0

i need to do many requests to one url, but after ~20 requests, I get a 429 too many requests. So my plan was to use proxy requests. I have tried 3 things:

  • Tor-proxy using python
  • Free proxy lists
  • ScraperApi

But all of them(even the scraperApi-trial) are unbelieveably slow, like 5-10 seconds each request. An example looks like this:

import requests

url = "https://httpbin.org/ip"
proxies = {"https": "164.155.149.1:80"}
r = requests.get(url,proxies=proxies)
print(r.text)

The proxy-ip was from some free proxy website. Sure, proxies are an extra node inbetween but was hoping to find a way to get proxies which at maximum take 1 second..

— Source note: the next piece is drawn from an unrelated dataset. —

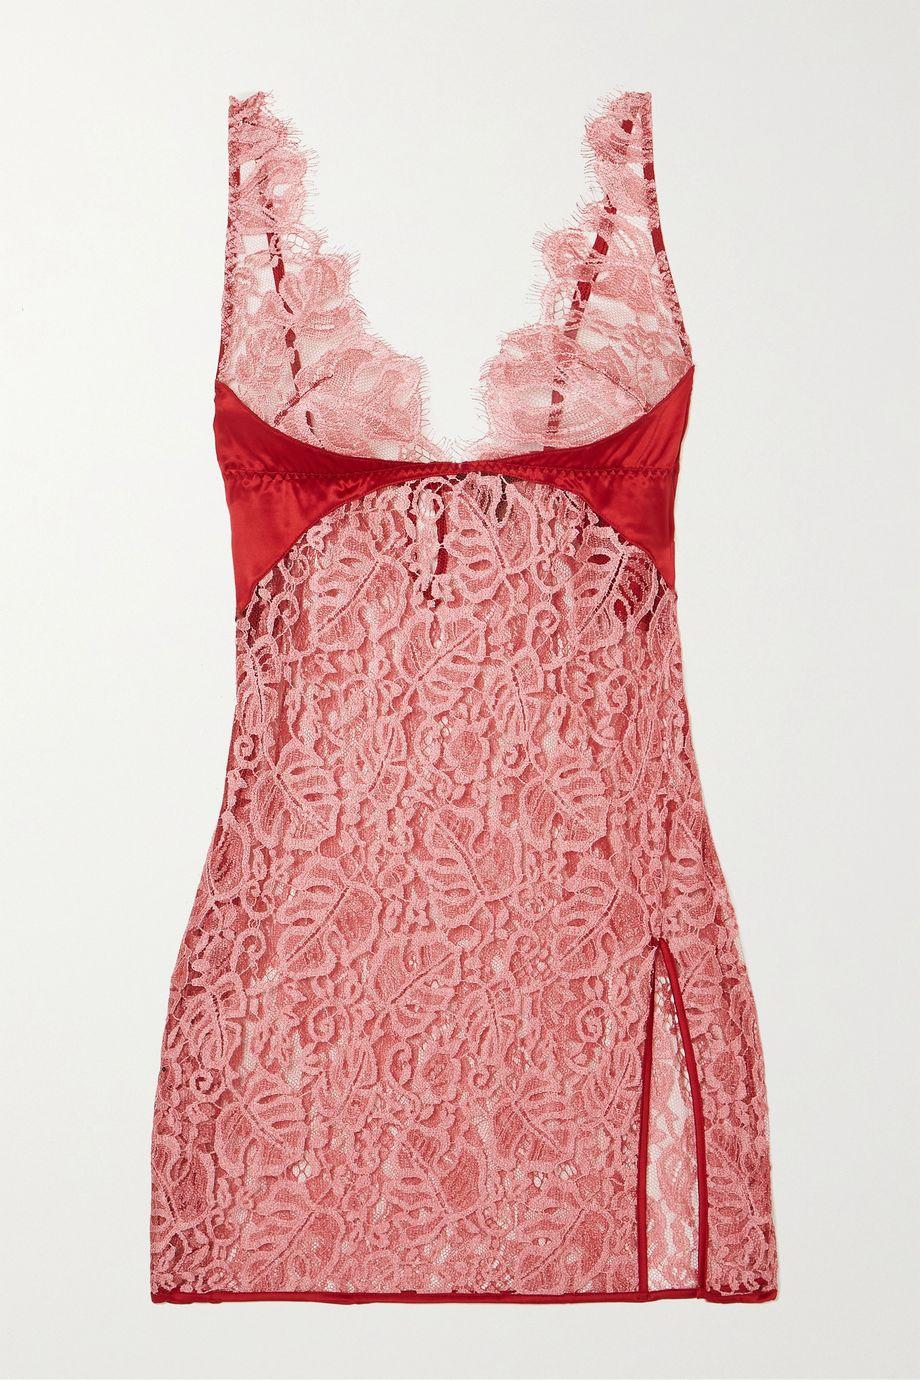 Coco de Mer Anthurium lace and satin camisole

Is there any way to solve this issue?

Thanks in advance

codedor
  • 73
  • 6
  • Try to find out the exact number of request you can do in some time (1min or 10min) and not get banned, also make pool of user-agent and go changing them for each request. You need more time to do more request, there is no magic. – MeT Jun 10 '22 at 15:24

1 Answers1

1

Codedor, one way I could think is:

  • Create a pool of EC2 instances on AWS(or any other cloud service provider of your choice). These can be the cheapest ones - even spot instances on AWS.
  • Round-robin your requests from each of these VMs. Since each VM will have it's own public IP, you are less likely to get "429 too many requests" sooner. The more instances you have, the less likely.

Eg:

  • Say you have 10 VMs.
  • In each VM you make 1 request/5s = 12 requests/min.
  • Altogether you will make 12X10 = 120 requests/min.
  • Add reasonable delays.

Distributing the jobs on the VM would be a little trickier - but doable. You can have a master node running a Python script, that iterates through the VMs and spawns the request command on them. You could use various libraries to execute a command on a remote machine in Python - like paramiko, subprocess, os, etc.

Loner
  • 166
  • 1
  • 4
  • 10